Dataset<Row> streamDf = spark.readStream() // Changed to readStream
.json("input/");
Dataset<Row> result = streamDf // Same processing logic
.groupBy("category")
.count();
result.writeStream() // Changed to writeStream
.outputMode("complete")
.format("console")
.start()
.awaitTermination();Basic Usage#
Reading Streams#
SparkSession spark = SparkSession.builder()
.appName("Structured Streaming")
.master("local[*]")
.getOrCreate();
// File source (directory monitoring)
Dataset<Row> fileStream = spark.readStream()
.schema(schema) // Schema required for streams
.json("input/");
// Kafka source
Dataset<Row> kafkaStream = spark.readStream()
.format("kafka")
.option("kafka.bootstrap.servers", "localhost:9092")
.option("subscribe", "topic-name")
.load();
// Socket source (for testing)
Dataset<Row> socketStream = spark.readStream()
.format("socket")
.option("host", "localhost")
.option("port", 9999)
.load();
// Rate source (for testing - generates specified rows per second)
Dataset<Row> rateStream = spark.readStream()
.format("rate")
.option("rowsPerSecond", 10)
.load();Processing Streams#
Apply the same operations as regular DataFrames to stream DataFrames:
// Filtering
Dataset<Row> filtered = stream.filter(col("value").gt(100));
// Transformation
Dataset<Row> transformed = stream
.withColumn("timestamp", current_timestamp())
.withColumn("doubled", col("value").multiply(2));
// Aggregation (stateful)
Dataset<Row> aggregated = stream
.groupBy("category")
.agg(
count("*").alias("count"),
sum("value").alias("total")
);Writing Streams#
StreamingQuery query = result.writeStream()
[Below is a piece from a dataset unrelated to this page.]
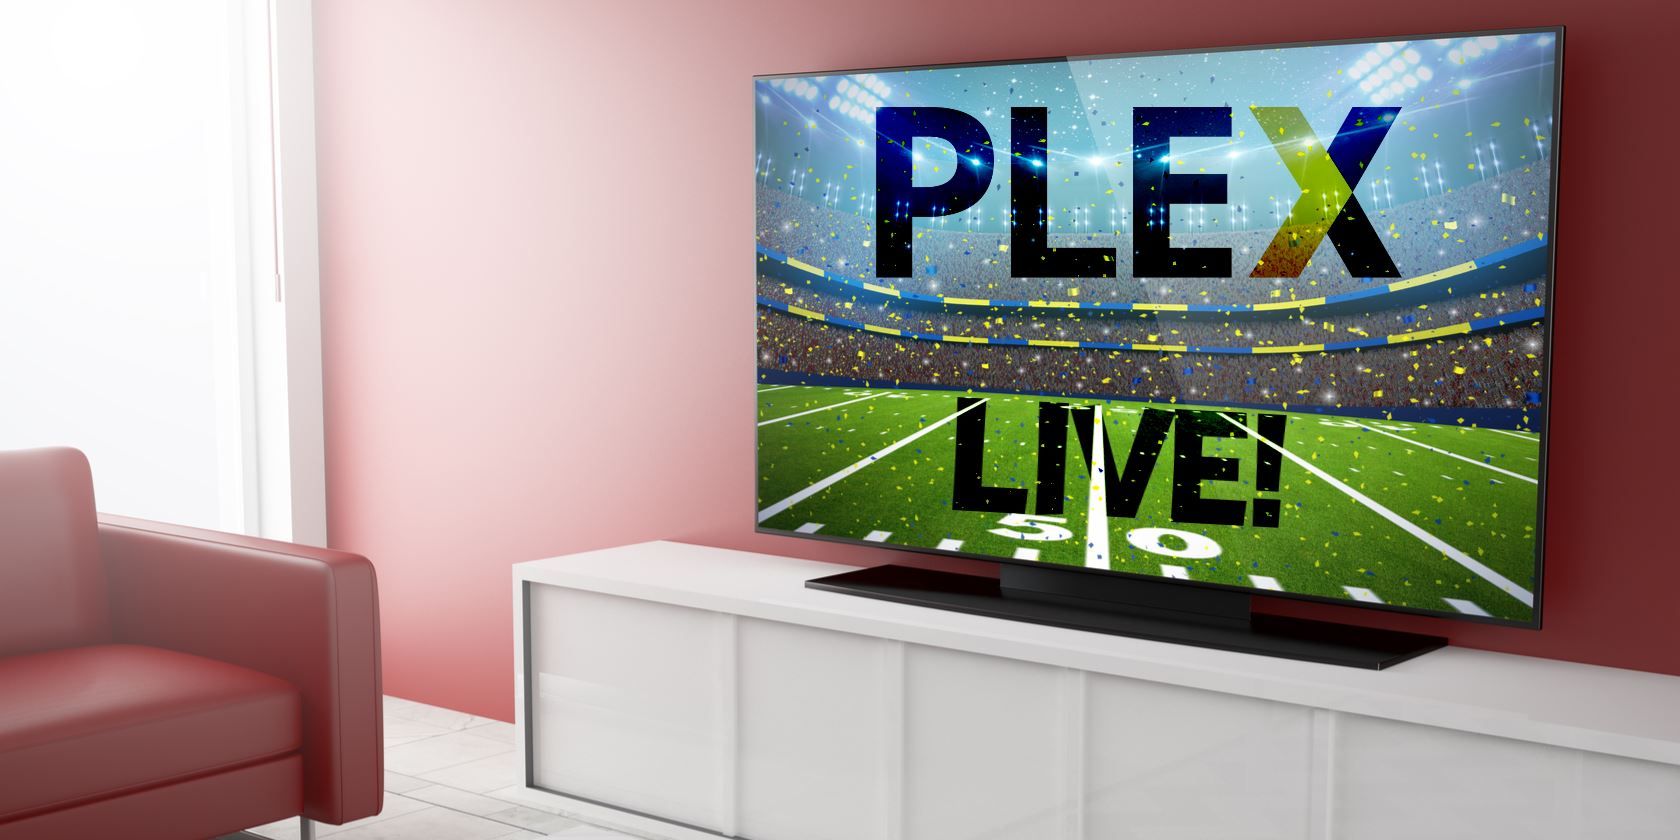 plex tv is it free

.outputMode("append") // Output mode
.format("parquet") // Output format
.option("path", "output/") // Output path
.option("checkpointLocation", "checkpoint/") // Checkpoint required
.trigger(Trigger.ProcessingTime("10 seconds")) // Trigger
.start();
// Wait for query termination
query.awaitTermination();
// Or run in background
// Manage with query.isActive(), query.stop() etc.Output Mode#
| Mode | Description | When to Use |
|---|---|---|
| append | Output only new rows | Simple transformations without aggregation |
| complete | Output entire result table | Aggregation queries |
| update | Output only changed rows | Aggregation queries (some sinks only) |
// append - new rows only (without aggregation)
filtered.writeStream()
.outputMode("append")
.format("parquet")
.start();
// complete - entire result (with aggregation)
aggregated.writeStream()
.outputMode("complete")
.format("console")
.start();
// update - changed only (with aggregation)
aggregated.writeStream()
.outputMode("update")
.format("console")
.start();Trigger#
Controls data processing frequency.
import org.apache.spark.sql.streaming.Trigger;
// Default - as fast as possible (micro-batch)
.trigger(Trigger.ProcessingTime(0))
// Specified interval
.trigger(Trigger.ProcessingTime("10 seconds"))
.trigger(Trigger.ProcessingTime("1 minute"))
// Run once (like batch)
.trigger(Trigger.Once())
// Process all available data then terminate
.trigger(Trigger.AvailableNow())
// Continuous processing (millisecond latency, experimental)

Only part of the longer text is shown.